◆ Work request:
What is needed here is every line of the records that includes "Jersey".

◆ Entries shown:
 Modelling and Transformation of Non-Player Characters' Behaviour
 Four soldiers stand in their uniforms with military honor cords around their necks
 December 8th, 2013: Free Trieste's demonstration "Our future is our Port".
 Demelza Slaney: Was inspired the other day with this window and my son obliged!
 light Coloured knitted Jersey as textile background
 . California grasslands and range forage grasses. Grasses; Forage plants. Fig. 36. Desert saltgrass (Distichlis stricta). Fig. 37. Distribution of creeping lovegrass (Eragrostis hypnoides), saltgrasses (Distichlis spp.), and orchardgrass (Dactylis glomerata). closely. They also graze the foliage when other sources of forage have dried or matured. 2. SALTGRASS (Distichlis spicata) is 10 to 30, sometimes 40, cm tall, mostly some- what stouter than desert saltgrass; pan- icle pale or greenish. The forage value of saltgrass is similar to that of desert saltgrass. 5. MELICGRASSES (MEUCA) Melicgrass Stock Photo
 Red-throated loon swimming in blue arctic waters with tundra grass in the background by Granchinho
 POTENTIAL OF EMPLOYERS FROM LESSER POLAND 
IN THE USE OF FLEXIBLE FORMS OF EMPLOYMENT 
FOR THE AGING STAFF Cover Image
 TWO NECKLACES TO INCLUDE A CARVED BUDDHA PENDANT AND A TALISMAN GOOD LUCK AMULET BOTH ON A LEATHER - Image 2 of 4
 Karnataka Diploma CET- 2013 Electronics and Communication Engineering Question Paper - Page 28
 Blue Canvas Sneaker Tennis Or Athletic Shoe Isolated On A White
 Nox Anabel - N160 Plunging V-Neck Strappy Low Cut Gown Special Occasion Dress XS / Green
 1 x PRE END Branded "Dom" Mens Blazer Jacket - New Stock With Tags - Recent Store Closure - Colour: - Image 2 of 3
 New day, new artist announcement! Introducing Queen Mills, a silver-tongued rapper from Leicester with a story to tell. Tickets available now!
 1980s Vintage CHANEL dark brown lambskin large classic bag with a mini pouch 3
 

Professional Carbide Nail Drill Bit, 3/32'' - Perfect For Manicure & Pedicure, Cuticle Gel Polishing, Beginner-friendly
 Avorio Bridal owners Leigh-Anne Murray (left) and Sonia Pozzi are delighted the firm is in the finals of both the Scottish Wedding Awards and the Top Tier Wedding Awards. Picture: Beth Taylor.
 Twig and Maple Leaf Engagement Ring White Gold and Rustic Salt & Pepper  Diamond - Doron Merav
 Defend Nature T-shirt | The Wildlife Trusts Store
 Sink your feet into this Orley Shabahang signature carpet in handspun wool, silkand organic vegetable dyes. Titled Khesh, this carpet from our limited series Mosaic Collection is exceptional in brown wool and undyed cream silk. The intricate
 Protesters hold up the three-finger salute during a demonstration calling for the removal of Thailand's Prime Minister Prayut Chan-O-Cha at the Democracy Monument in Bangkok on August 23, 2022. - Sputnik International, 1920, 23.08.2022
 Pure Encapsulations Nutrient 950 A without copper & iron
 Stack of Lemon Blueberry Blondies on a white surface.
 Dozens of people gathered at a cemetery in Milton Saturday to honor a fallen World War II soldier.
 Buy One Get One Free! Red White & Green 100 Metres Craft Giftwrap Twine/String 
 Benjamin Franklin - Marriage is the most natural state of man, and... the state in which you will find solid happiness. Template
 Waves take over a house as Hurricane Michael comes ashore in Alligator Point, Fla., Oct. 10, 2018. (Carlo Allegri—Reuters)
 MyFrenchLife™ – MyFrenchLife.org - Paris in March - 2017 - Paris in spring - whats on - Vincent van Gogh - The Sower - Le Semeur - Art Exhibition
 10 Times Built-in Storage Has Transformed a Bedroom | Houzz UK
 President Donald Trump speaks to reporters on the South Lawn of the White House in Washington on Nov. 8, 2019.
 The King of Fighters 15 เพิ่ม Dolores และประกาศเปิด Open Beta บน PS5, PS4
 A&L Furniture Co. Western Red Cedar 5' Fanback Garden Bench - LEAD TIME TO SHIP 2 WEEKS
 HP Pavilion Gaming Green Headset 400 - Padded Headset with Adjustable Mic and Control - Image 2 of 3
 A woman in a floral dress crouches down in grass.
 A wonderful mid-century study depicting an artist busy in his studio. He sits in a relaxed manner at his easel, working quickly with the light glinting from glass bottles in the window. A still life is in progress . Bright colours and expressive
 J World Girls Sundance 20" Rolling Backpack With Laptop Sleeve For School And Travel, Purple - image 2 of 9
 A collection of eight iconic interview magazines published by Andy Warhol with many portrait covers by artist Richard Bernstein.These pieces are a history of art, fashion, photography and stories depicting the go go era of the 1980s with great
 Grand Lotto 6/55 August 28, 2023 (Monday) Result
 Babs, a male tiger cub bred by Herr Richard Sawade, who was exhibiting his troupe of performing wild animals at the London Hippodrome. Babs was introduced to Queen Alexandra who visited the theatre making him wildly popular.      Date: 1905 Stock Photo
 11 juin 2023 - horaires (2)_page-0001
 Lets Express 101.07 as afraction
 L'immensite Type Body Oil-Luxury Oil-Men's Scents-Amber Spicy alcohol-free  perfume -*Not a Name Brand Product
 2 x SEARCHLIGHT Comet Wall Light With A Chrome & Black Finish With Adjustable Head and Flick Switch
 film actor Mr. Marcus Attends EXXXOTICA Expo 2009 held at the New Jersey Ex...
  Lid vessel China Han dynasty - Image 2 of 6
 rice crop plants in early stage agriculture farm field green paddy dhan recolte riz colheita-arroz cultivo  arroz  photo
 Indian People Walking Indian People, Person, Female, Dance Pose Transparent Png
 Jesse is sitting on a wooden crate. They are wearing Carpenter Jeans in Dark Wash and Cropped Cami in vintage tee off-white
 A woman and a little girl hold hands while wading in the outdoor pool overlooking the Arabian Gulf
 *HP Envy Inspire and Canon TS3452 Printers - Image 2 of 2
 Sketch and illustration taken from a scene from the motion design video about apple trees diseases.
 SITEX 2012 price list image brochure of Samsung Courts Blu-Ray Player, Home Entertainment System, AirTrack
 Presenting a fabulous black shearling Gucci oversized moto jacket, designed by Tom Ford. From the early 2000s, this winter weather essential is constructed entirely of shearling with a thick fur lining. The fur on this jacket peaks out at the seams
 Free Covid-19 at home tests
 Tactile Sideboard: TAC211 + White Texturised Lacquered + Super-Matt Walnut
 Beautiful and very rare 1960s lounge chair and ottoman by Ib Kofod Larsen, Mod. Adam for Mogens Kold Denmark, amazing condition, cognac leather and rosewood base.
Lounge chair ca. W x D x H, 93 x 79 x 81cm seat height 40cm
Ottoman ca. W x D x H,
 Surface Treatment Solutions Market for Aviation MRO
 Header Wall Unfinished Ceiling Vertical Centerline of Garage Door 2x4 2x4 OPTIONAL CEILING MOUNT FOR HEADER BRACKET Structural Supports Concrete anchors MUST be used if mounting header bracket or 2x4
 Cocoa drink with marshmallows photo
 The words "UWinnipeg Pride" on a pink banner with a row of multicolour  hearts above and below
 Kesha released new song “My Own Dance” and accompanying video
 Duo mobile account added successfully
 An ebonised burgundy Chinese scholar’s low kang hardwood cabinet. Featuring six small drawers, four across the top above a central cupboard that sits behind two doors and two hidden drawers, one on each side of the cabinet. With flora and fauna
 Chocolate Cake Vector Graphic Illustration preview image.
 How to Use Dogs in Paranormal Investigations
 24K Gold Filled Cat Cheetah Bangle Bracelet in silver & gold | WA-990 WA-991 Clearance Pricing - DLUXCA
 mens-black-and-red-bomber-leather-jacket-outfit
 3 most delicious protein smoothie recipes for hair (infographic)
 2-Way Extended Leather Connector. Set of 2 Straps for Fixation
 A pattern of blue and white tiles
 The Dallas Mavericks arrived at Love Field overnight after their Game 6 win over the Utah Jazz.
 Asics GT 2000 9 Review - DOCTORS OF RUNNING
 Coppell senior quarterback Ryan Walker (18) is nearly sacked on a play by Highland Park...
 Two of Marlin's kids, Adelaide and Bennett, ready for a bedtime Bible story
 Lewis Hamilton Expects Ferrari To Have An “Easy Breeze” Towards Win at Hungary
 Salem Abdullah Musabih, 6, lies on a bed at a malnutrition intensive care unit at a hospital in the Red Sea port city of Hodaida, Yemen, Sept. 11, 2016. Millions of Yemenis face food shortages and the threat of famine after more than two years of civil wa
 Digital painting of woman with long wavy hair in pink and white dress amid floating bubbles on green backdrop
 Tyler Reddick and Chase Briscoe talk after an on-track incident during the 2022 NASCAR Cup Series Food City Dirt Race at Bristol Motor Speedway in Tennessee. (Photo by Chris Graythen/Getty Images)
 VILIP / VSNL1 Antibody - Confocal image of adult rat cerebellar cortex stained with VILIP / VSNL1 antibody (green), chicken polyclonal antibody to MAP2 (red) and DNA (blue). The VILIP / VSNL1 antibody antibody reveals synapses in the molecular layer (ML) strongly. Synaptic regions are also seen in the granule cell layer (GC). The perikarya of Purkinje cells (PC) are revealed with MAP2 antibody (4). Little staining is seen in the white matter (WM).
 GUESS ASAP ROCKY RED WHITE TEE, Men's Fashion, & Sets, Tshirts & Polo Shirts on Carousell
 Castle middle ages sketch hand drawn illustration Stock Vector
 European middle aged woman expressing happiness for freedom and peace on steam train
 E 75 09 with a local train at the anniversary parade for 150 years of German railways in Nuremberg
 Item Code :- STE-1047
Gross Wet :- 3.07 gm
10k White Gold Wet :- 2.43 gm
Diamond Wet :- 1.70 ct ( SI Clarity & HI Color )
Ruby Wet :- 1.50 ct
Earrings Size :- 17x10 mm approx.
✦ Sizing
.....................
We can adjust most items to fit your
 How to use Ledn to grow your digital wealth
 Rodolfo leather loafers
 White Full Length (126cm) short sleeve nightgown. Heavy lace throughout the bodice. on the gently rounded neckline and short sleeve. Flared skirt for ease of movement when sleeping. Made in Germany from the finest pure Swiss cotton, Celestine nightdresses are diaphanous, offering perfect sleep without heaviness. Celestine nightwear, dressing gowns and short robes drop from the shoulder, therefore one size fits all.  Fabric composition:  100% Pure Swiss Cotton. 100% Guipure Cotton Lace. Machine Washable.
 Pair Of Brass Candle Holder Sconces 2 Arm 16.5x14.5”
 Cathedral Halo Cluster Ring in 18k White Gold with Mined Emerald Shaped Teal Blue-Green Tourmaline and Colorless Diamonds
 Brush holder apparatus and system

◆ Answer:
 light Coloured knitted Jersey as textile background
 film actor Mr. Marcus Attends EXXXOTICA Expo 2009 held at the New Jersey Ex...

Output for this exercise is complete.